Mortgage Market Weekly Update – May 13, 2013

In This Issue

Last Week in Review: There are signs that the labor and housing markets are improving. But how did home loan rates react?

Forecast for the Week: Important housing, inflation, and manufacturing news is ahead.

View: Still not sure how and when to use social media for your business? Be sure to read the information below.

Last Week in Review

“It all depends on how we look at things.” Those words by Carl Jung describe the importance of perspective…and that’s exactly what the news from last week requires. Read on for details and what they mean for home loan rates.

jobless-claims_2013-05-10There was good news as Americans filing weekly Initial Jobless Claims fell to 323,000. This was below expectations and the lowest level since January 2008. In addition, the four week moving average (which evens out any seasonal abnormalities) fell to 336,000–the lowest since November 2007.

The job market is improving, but an important concern remains. The Labor Force Participation Rate (LFPR) is at its lowest level since the late 1970’s. The LFPR calculation is quite simple. If you are 16 years old and not in the military, then you either have a job or you don’t. The ratio of people “participating” or working is then compared to the total population.

In housing news, research firm CoreLogic reported that home prices rose 10.5 percent in March 2013 from March 2012. This was the biggest annual increase since March 2006 and the 13th consecutive increase in home prices. There was also a 1.9 percent gain from February to March and prices increased in all states except four. However, home prices remain 25 percent lower than the peak of April 2006.

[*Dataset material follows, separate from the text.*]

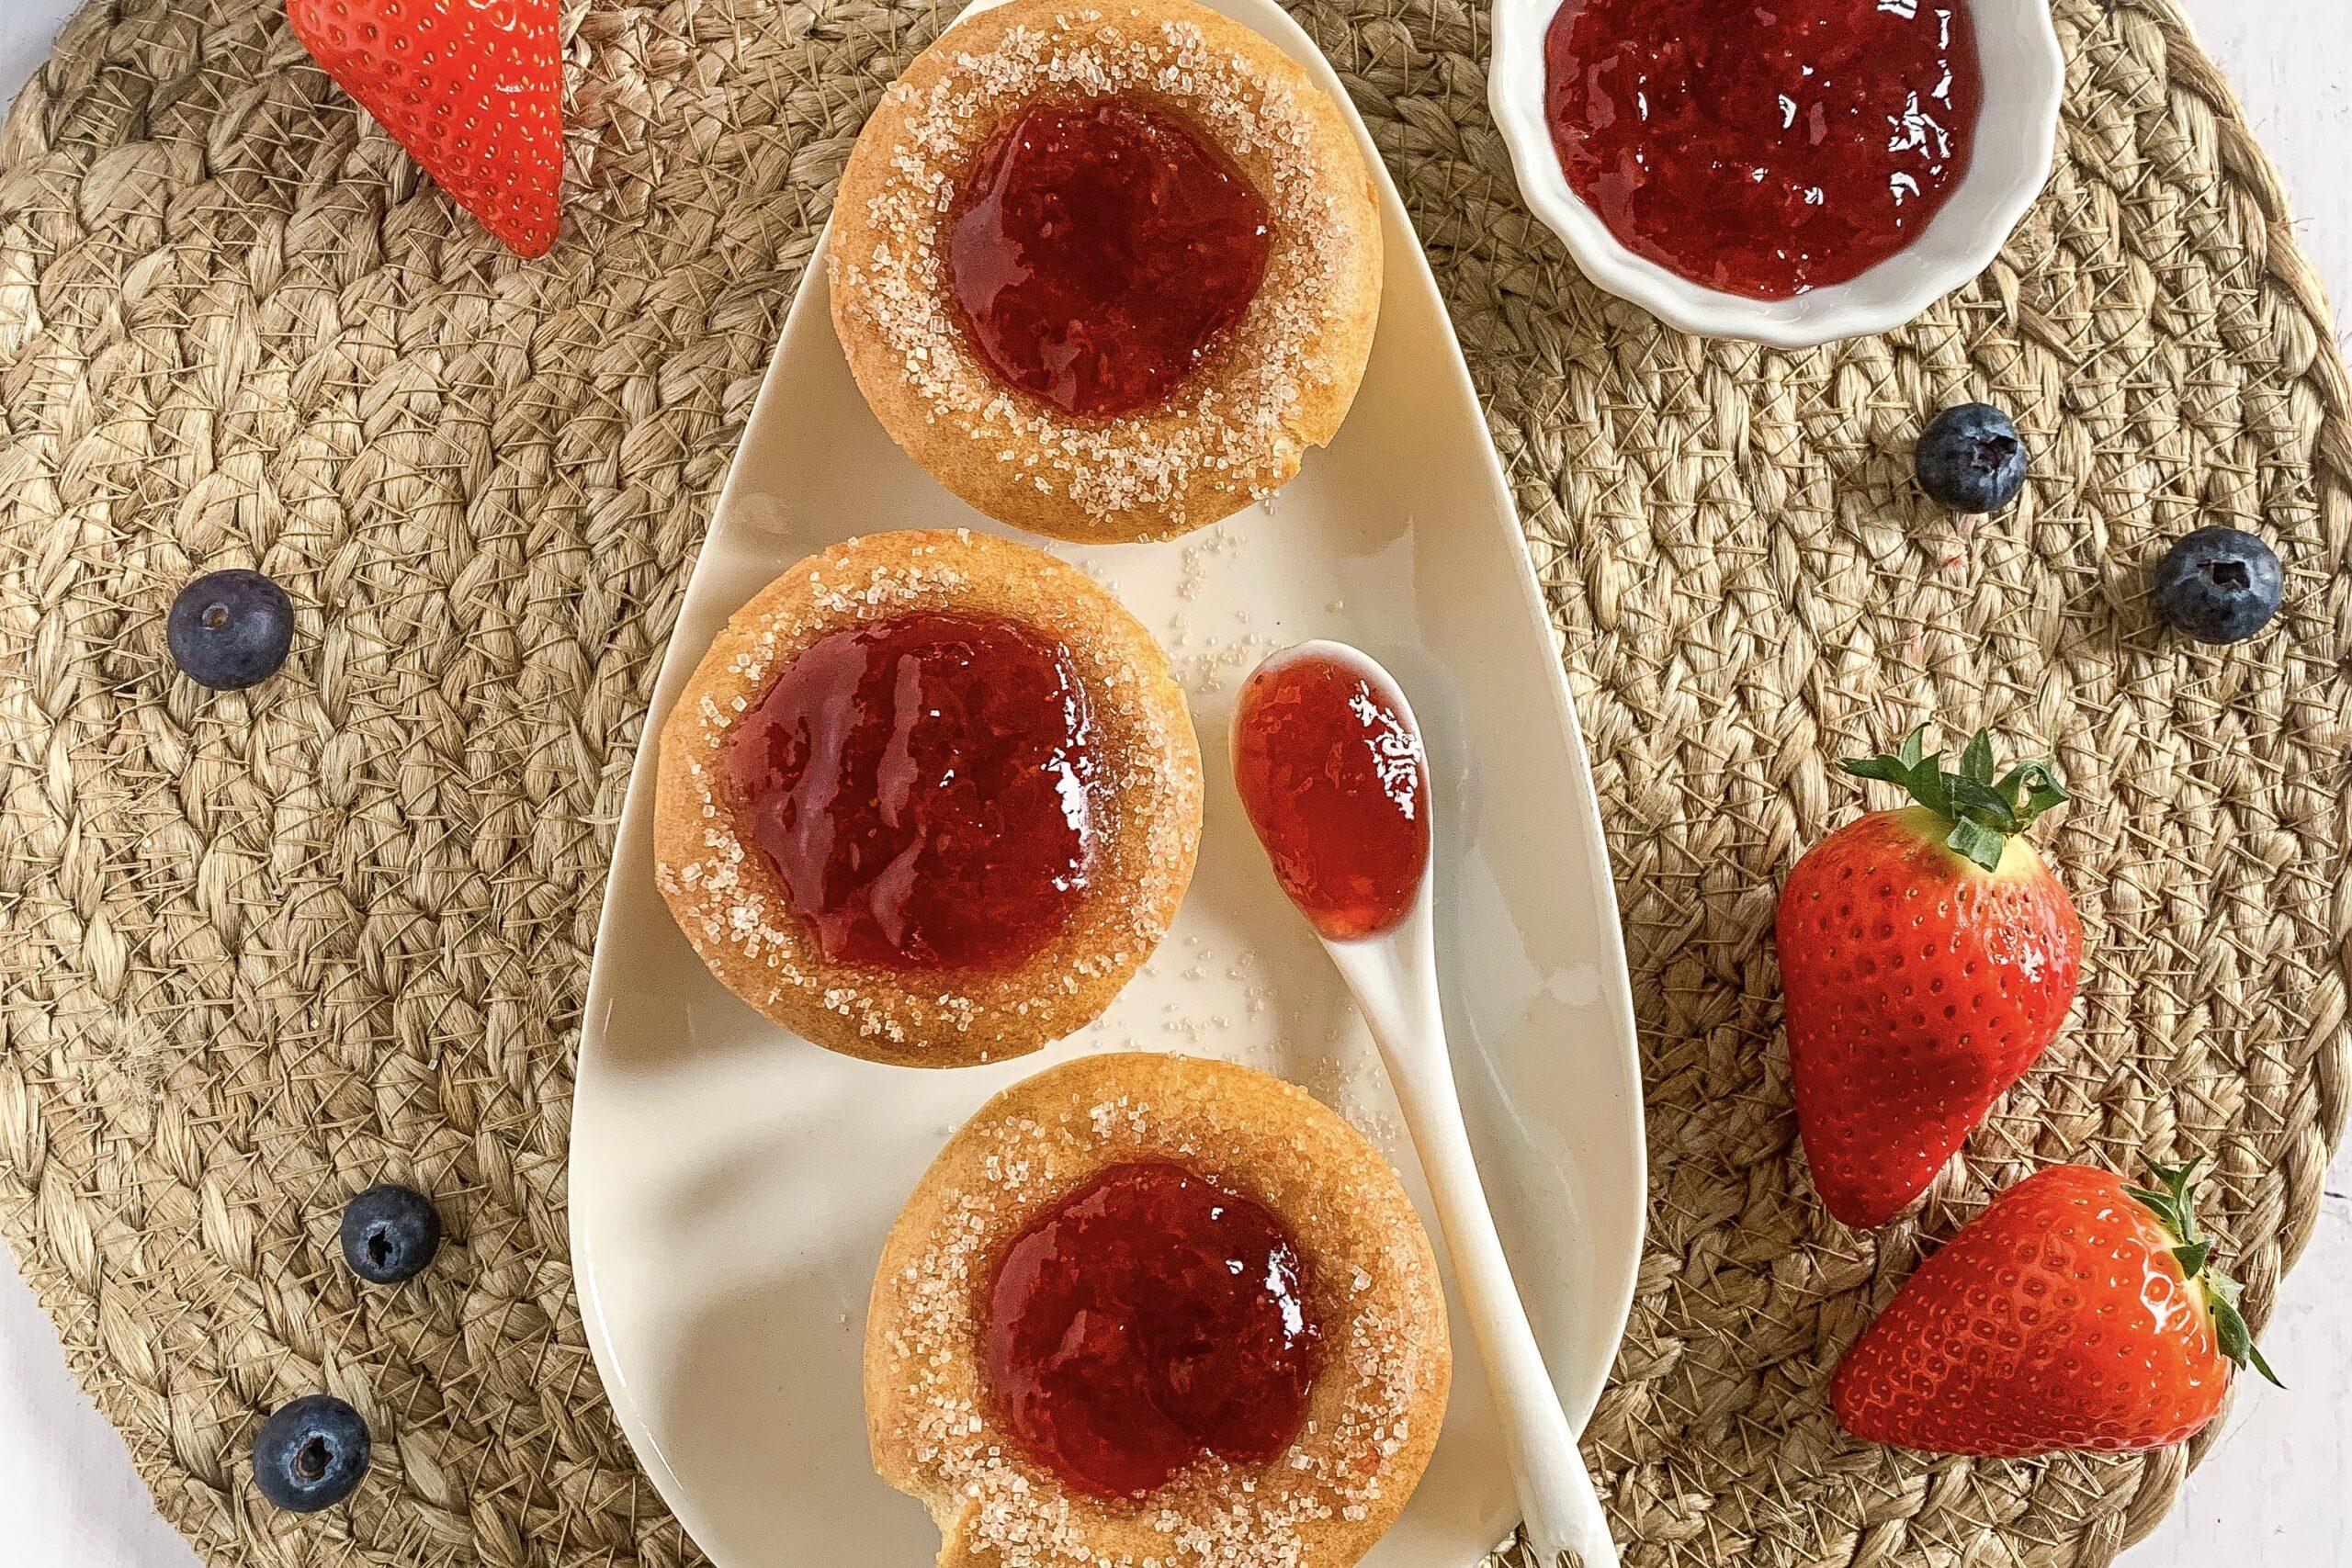 Verantwoorde donut cups met vruchtenspread

What does this mean for home loan rates? Remember that good economic news often causes money to flow out of safer investments like Bonds and into Stocks, as investors try to take advantage of gains. This means good economic news–while a good sign for our recovery–can also be “bad” news for home loan rates, as they are tied to Mortgage Bonds. We saw this dynamic in the markets last week.

However, home loan rates remain near historic lows and now is a great time to consider a home purchase or refinance. Let me know if I can answer any questions at all for you or your clients.

Forecast for the Week

The economic calendar is filled with several key reports this week.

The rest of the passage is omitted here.